Hello! The fourth week of GSoC coding period is coming to an end. Here is an update on what I achieved in the past week and what I am looking forward to.
What did you do this week?
-
Implemented minor changes suggested by scrapy maintainers.
-
Started working on a new pure python robots.txt parser (which lives here https://github.com/anubhavp28/protego currently). It will eventually be moved to Scrapy organisation.
-
Implemented support for standard robots.txt directives in the new parser.
-
Integrated the code with pytest and tox for testing.
-
Integrated the repo with Travis CI to trigger tests automatically on pull requests.
What is coming up next?
-
Implement support for modern conventions like wildcard matching, clear-param etc.
-
Add a lot of tests (mostly borrowed from existing parsers).
-
Performance benchmarking of the new parser (against existing parsers).
-
Collecting statistics related to use of robots.txt.

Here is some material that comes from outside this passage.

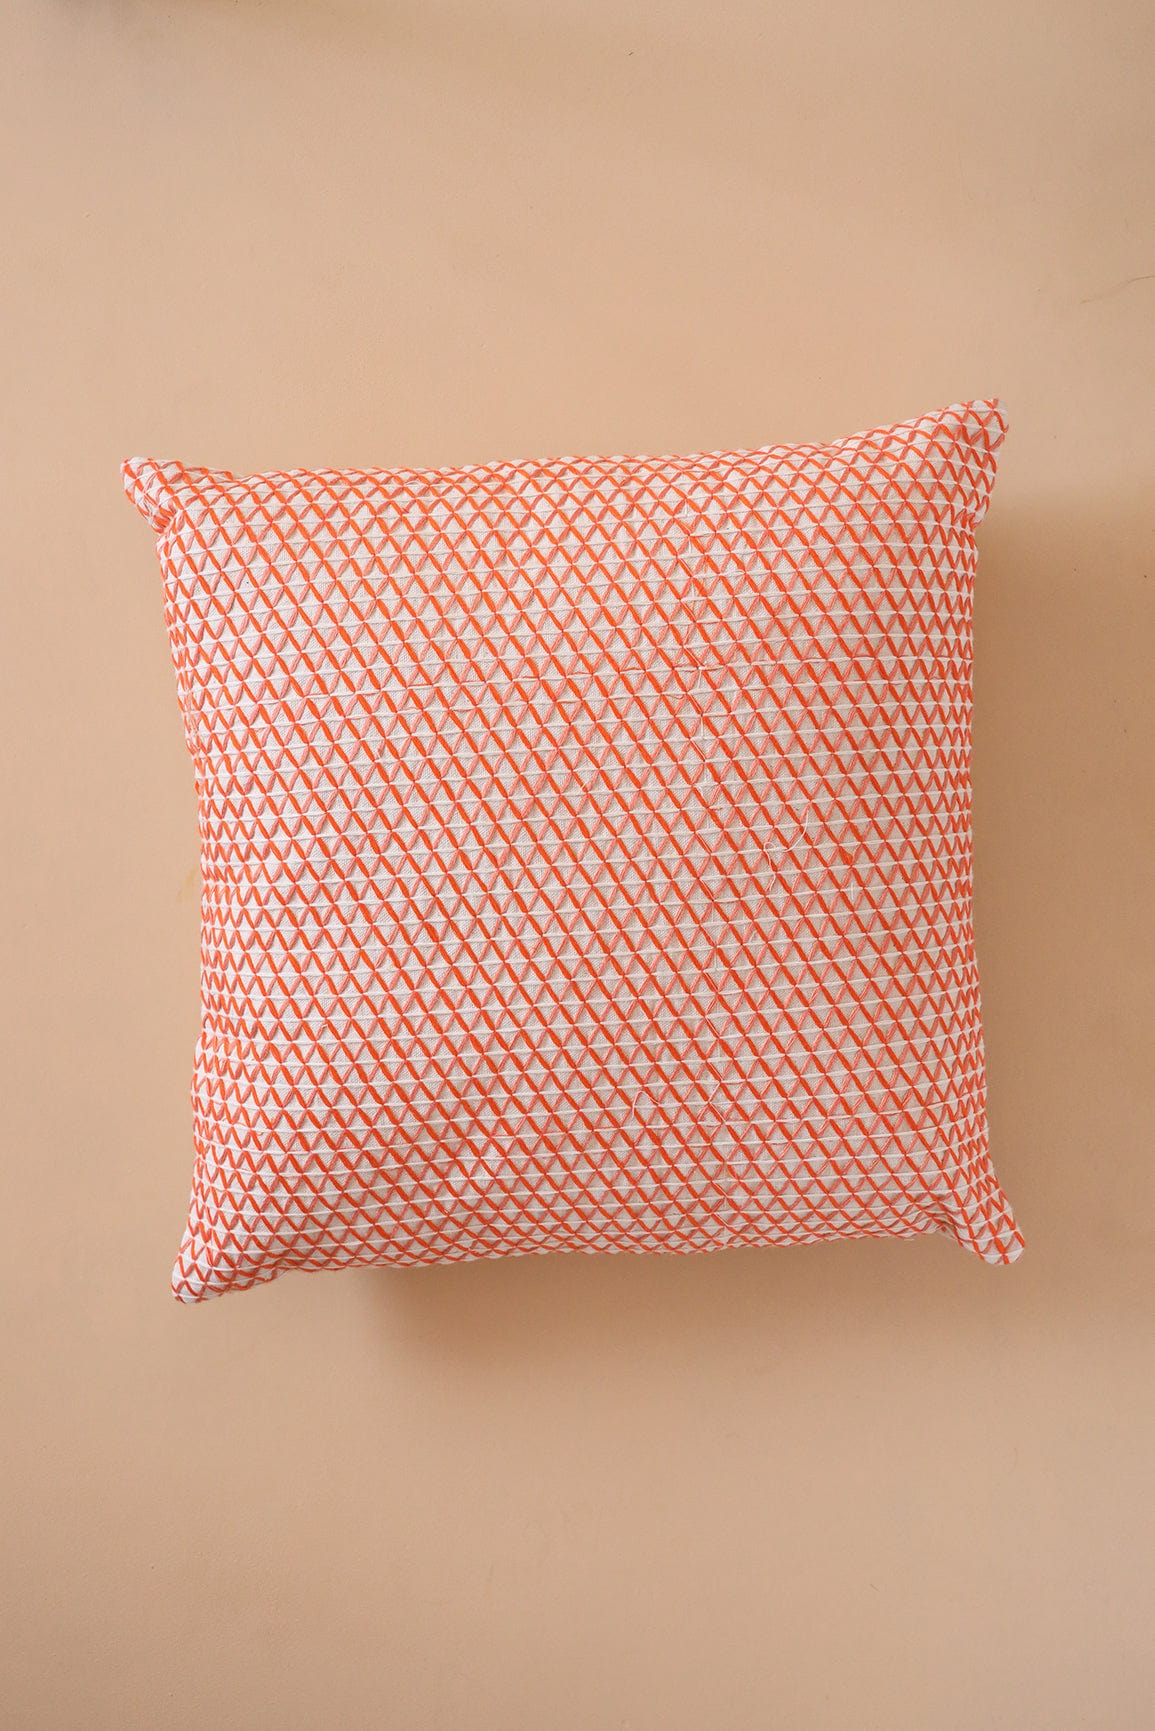 doeraa Orange and Peach Embroidery on off white cotton Cushion Cover (16*16 inches)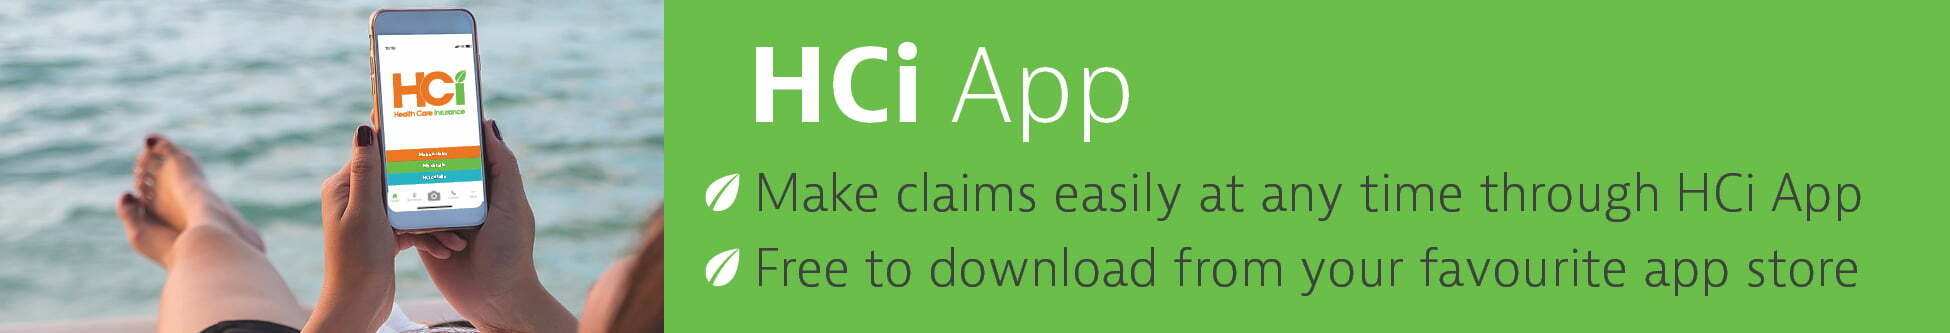 Make claims easily at any time through HCi app - free to download

On suggestion of a mentor, I am planing to use robots.txt files of Top 1000 websites in alexa rankings, and collect stats such as how many of them use robots.txt, how many records on average a record group contain, how many times a certain directives is mentioned, etc. This could help use make better choices for improving performance - such as whether to use a trie for prefix matching, etc.
Did you get stuck anywhere?
Oh, actually naming the parser was the hardest part . I am still not satisfied with the name. I just ran out of ideas.